(Beginning of Material provided)
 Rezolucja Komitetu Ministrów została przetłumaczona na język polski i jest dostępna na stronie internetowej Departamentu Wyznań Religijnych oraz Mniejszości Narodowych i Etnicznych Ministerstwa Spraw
(End of Material provided)
(Beginning of Material provided)
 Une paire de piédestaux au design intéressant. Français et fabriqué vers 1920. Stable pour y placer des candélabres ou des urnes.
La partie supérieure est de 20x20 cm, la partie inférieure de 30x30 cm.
(End of Material provided)
* **What to work on**
Reproduce exactly the entries above, limited to the lines from the one with "Une paire de" through the one with "La partie supérieure", both included.

* **Task answer**
 Une paire de piédestaux au design intéressant. Français et fabriqué vers 1920. Stable pour y placer des candélabres ou des urnes.
La partie supérieure est de 20x20 cm, la partie inférieure de 30x30 cm.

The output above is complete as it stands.